(Beginning of Listed entries)

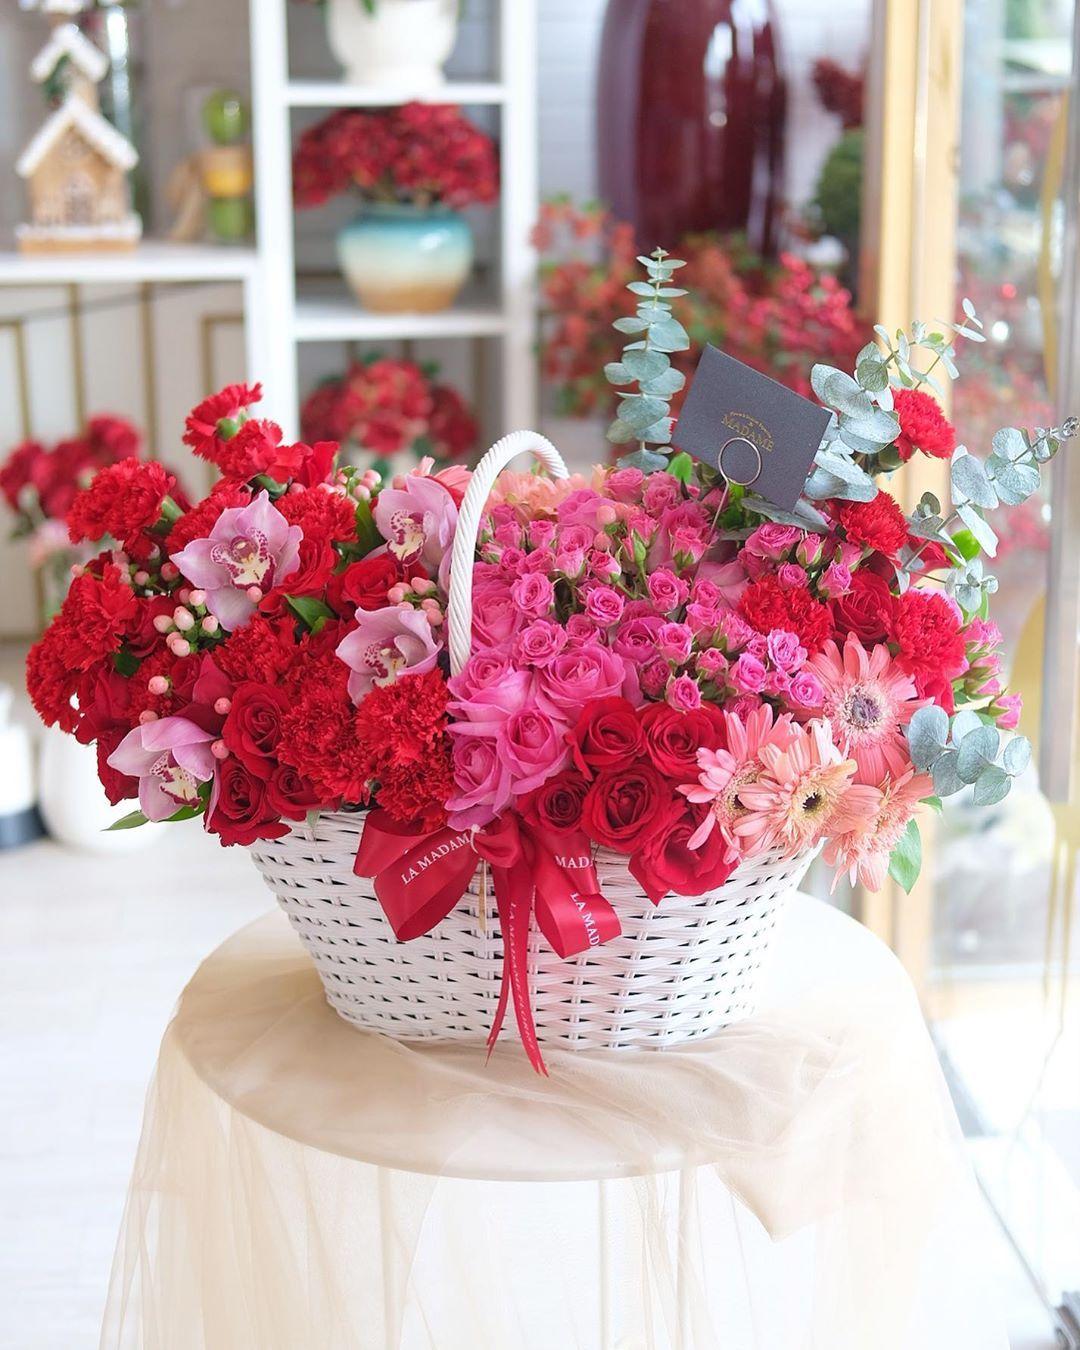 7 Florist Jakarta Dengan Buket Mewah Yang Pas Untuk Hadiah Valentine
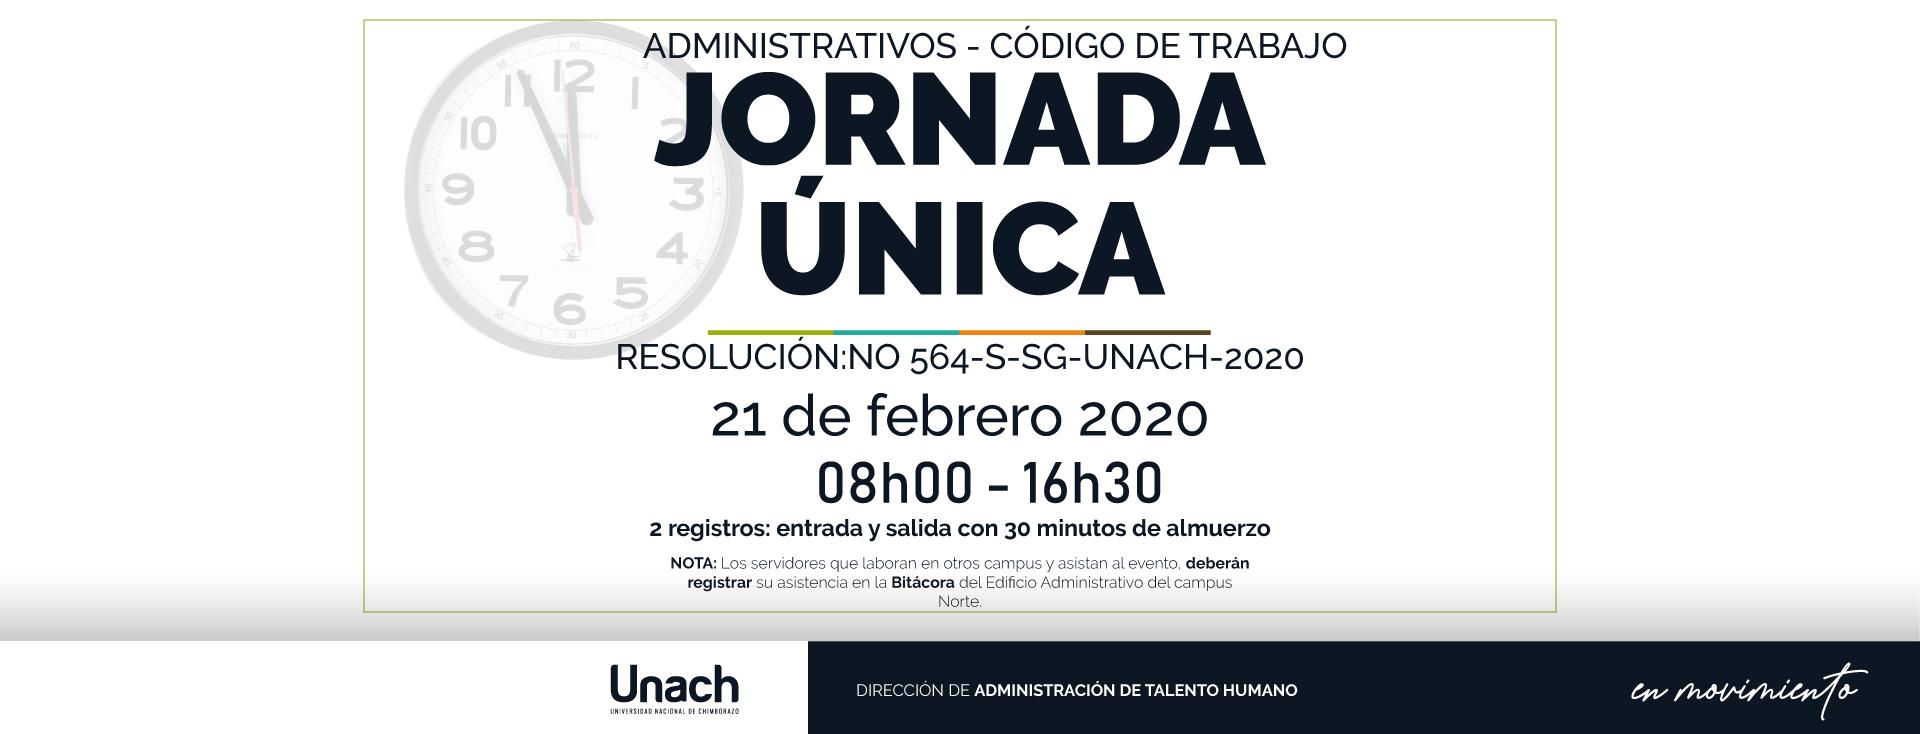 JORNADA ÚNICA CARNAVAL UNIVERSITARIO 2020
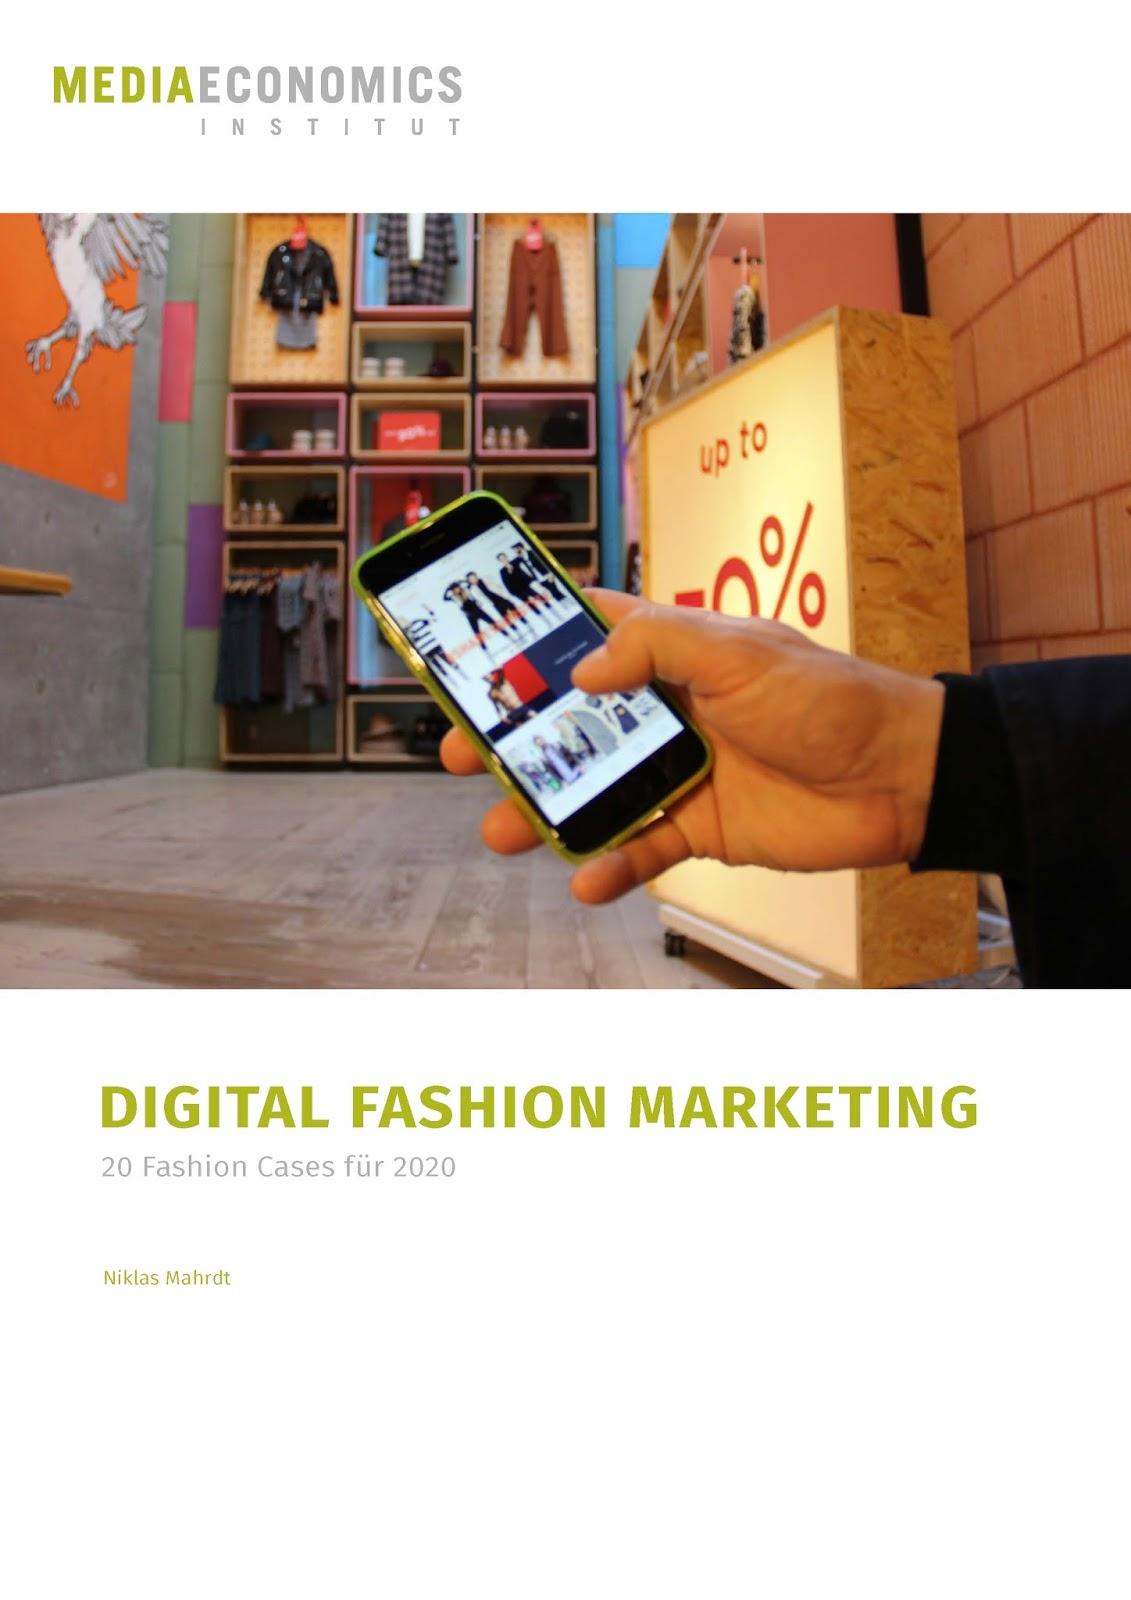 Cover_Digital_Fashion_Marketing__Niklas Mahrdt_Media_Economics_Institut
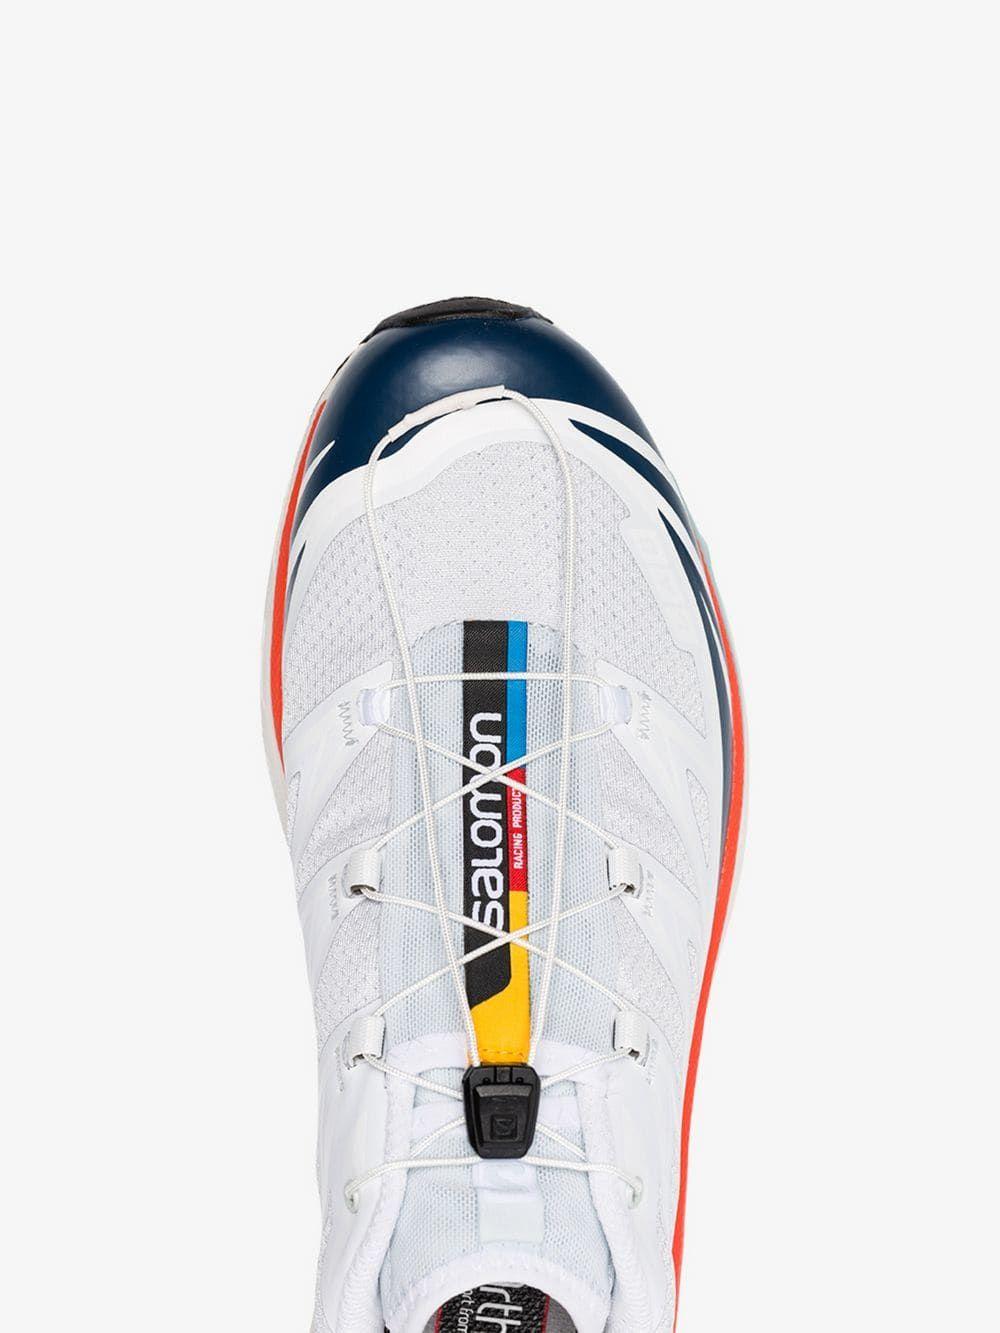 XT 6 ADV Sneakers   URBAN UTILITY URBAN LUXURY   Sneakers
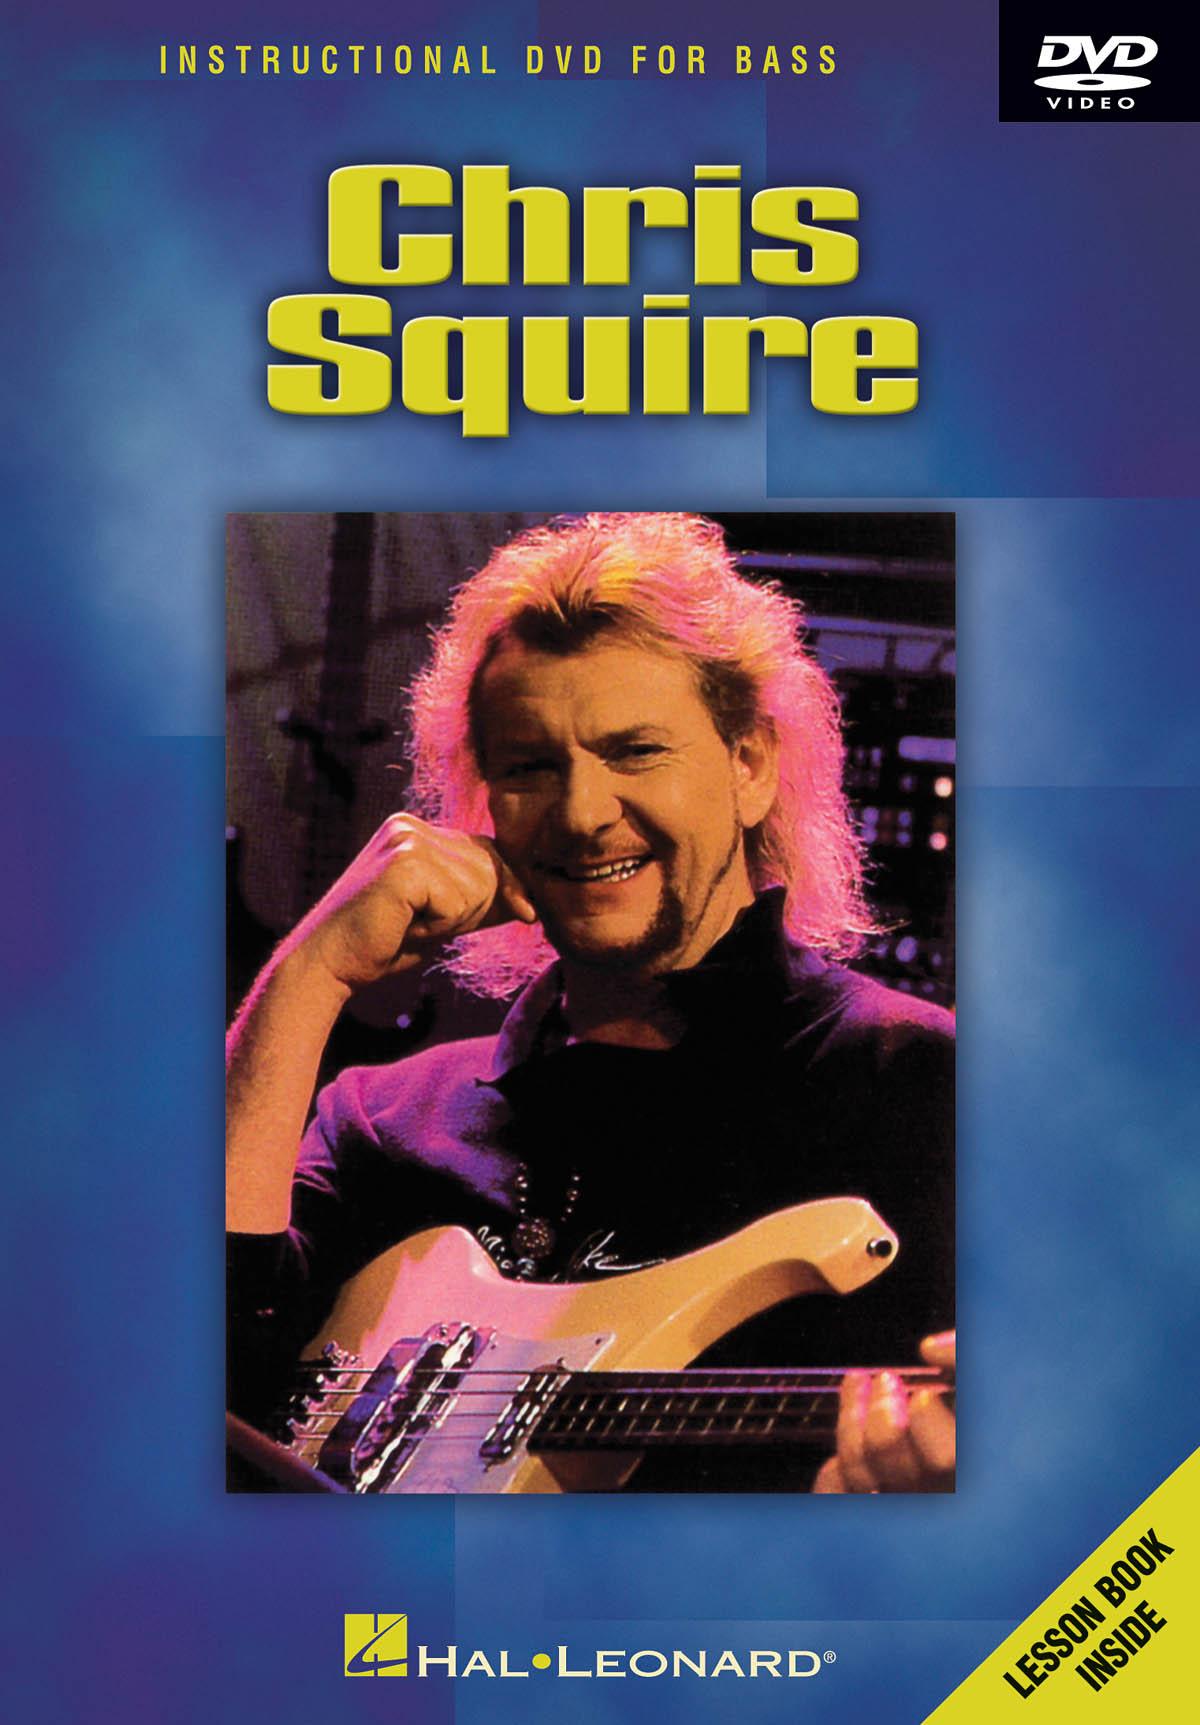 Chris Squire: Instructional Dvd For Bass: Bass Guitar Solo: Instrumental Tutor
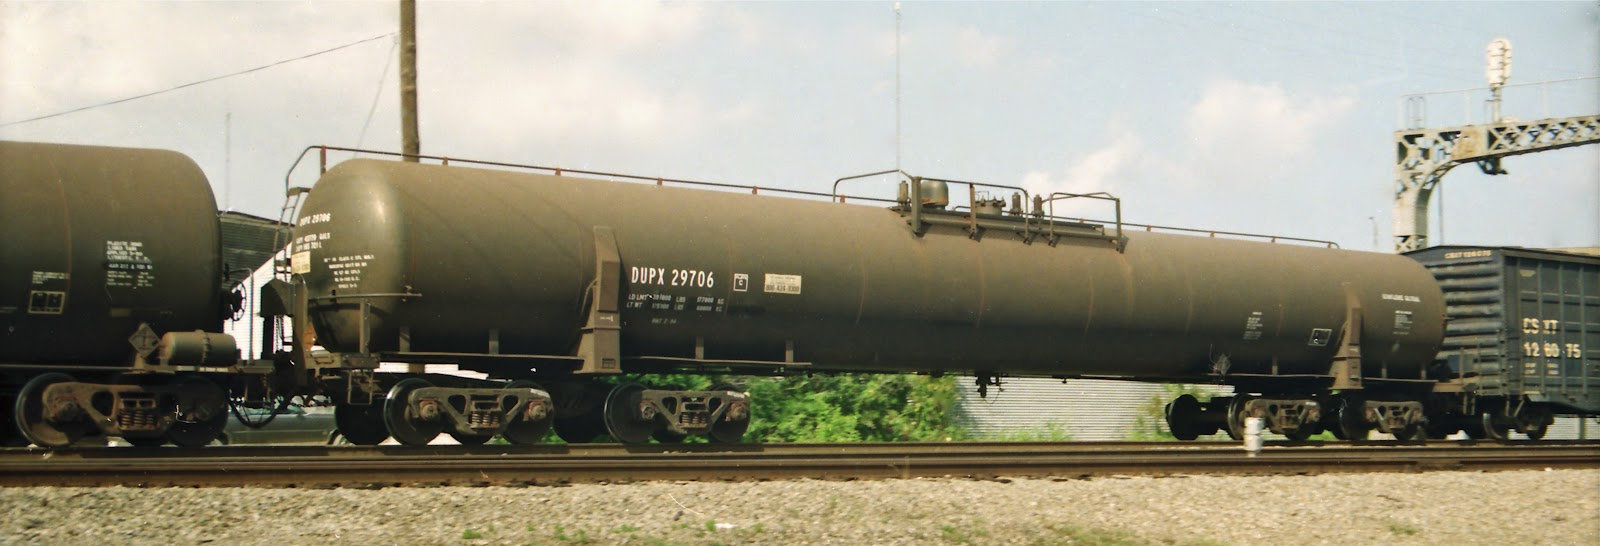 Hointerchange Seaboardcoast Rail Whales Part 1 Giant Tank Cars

(End of Listed entries)

Problem =
Please output all the data exactly as given, with the pictures omitted.

Result for this exercise =
 7 Florist Jakarta Dengan Buket Mewah Yang Pas Untuk Hadiah Valentine
 JORNADA ÚNICA CARNAVAL UNIVERSITARIO 2020
 Cover_Digital_Fashion_Marketing__Niklas Mahrdt_Media_Economics_Institut
 XT 6 ADV Sneakers   URBAN UTILITY URBAN LUXURY   Sneakers
 Chris Squire: Instructional Dvd For Bass: Bass Guitar Solo: Instrumental Tutor
 Hointerchange Seaboardcoast Rail Whales Part 1 Giant Tank Cars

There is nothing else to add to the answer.